I think about the dog I saved who knows where chemical weapons are hidden. About surveillance photos documenting my life like I'm already dead. About Kessler out there somewhere, coordinating twenty-three trained killers, all focused on eliminating me.
And I think about Kane. About the way he came for me when he didn't have to. About his hands on my skin, his voice in my ear, his promise that I'm not alone anymore.
"I'm sure," I say.
Kane steps closer, his hand finding mine. His thumb traces across my knuckles—a small gesture, but in front of his team, it means everything.
"Then welcome to Echo Ridge," he says quietly. "For real this time."
Stryker grins. Mercer nods approval. Even Sarah manages a small smile.
Tommy's screen flashes red before anyone can say more.
"Kane." His voice is tight with urgency. "We've got a breach. Someone just tried to access the auxiliary entrance. The one near your cabin."
Everyone moves at once. Weapons drawn. Combat mode engaged. But Kane keeps hold of my hand for one more second.
"Stay close," he says. "And Willa? Don't make me regret believing you could handle this."
"I won't."
He releases me and moves to the tactical display. Tommy's pulling up security feeds from the auxiliary entrance. The cameras show a figure in tactical gear working on the access panel.
But it's not a Committee operative.
It's a woman. Late twenties, dark hair, moving with professional efficiency as she bypasses the security system.
"Who the hell is that?" Stryker asks.
Tommy works his keyboards, pulling up data. "Facial recognition running... Got her. Karina Miles. Former CIA. Went dark two years ago after accusing her superiors of running illegal operations."
"She's on Protocol Seven's list," Sarah says quietly, pulling up the file. "Number eight. The Committee's been hunting her since she disappeared."
Kane stares at the screen. "How did she find us?"
"Same way Kessler did, probably." Tommy zooms in on the woman's equipment. "She's good. Really good. And Kane? She just got through the first security layer. She'll be inside the base in about ninety seconds."

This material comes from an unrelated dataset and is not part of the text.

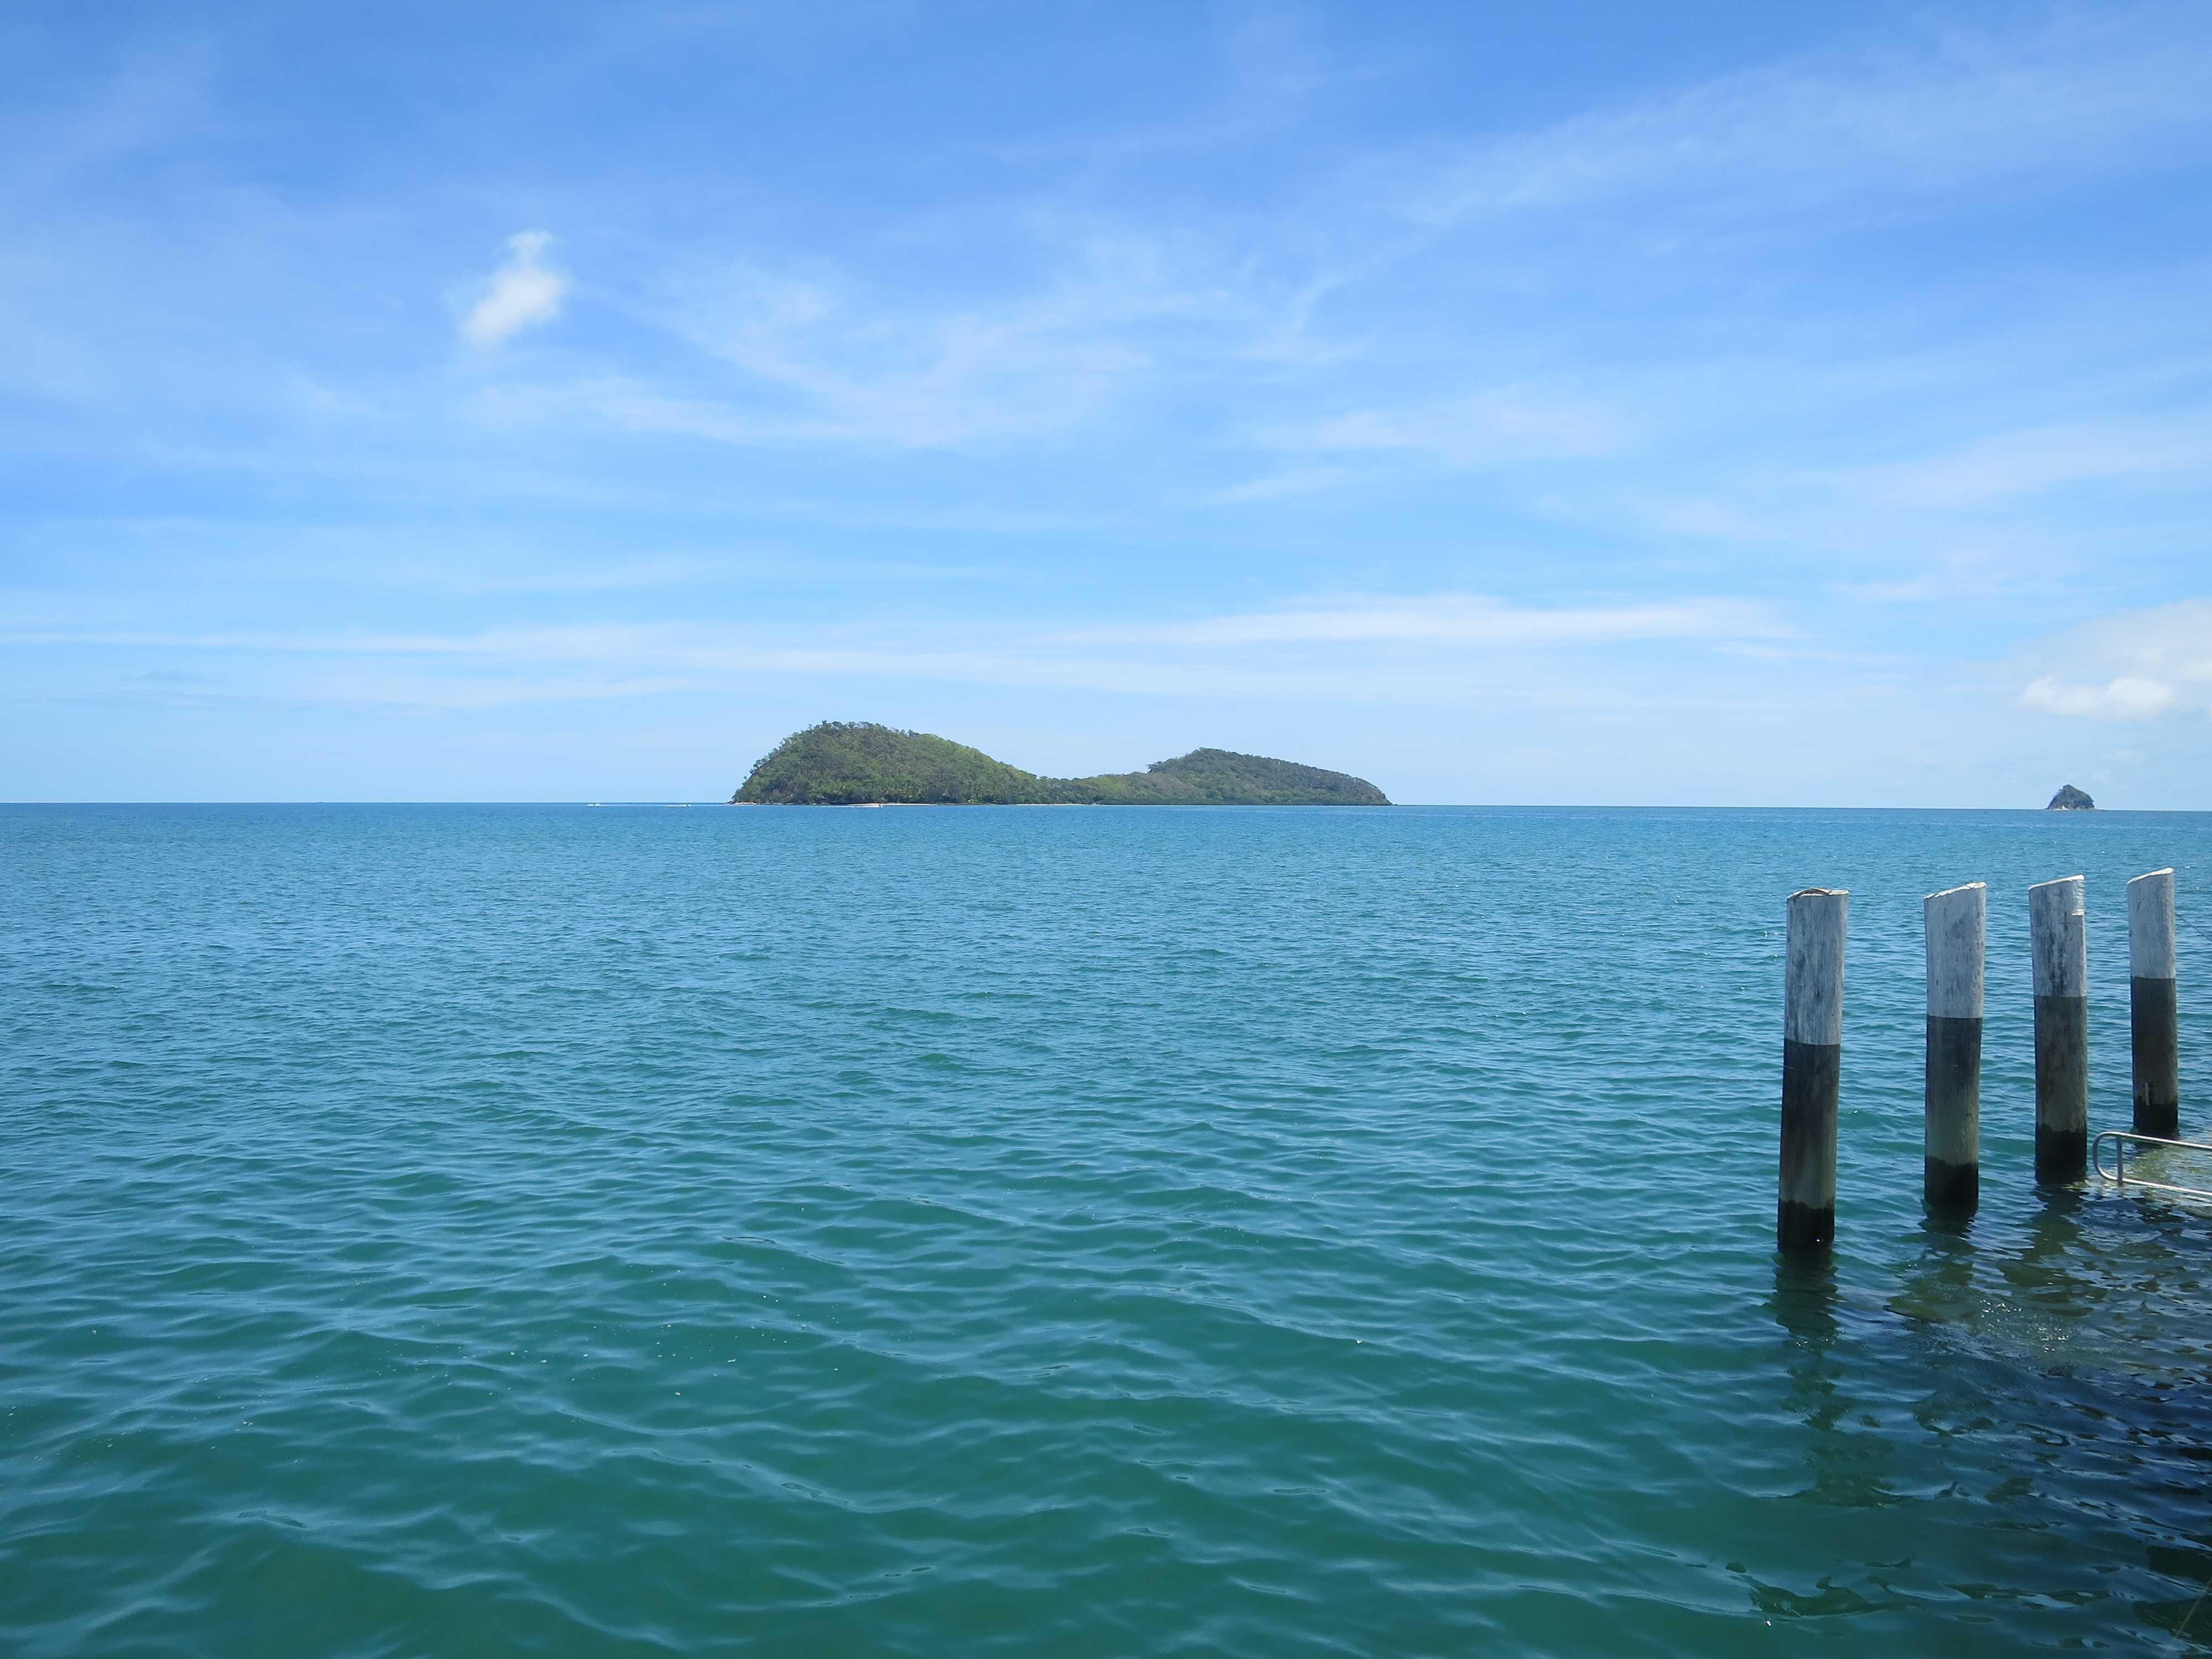 パームコーブビーチ - スカウトハットアイランド

"Do we engage?" Mercer asks.
Kane watches the screen, calculating. Then: "No. If she's on the Protocol Seven list, she's running from the same people we are. Let her in. But weapons ready. If this is a trick, we end it fast."
The woman clears the second security layer. Then the third. She's moving deeper into the tunnels now, following the access corridor with the confidence of someone who knows exactly where she's going.
Sixty seconds later, she rounds the corner into the operations center.
And stops dead when she sees six weapons pointed at her head.
She raises her hands slowly. "I'm not here to fight. I'm here because I need help. And because you need what I know."
"Talk fast," Kane says, rifle steady on center mass.
She meets his eyes without flinching. "My name is Karina Miles.
I'm number eight on Protocol Seven's termination list. And I know where the Committee's staging their chemical weapons cache.
The one your dog can lead us to. The one they're planning to deploy in seventy-two hours against a civilian target. "
The room goes absolutely silent.
"What target?" Kane asks.
Karina's smile is cold. Bitter. "The one that will give them everything they want. The one that will let them reshape American policy for the next fifty years."
She pauses, letting the weight of that sink in.
"They're going to attack the Capitol."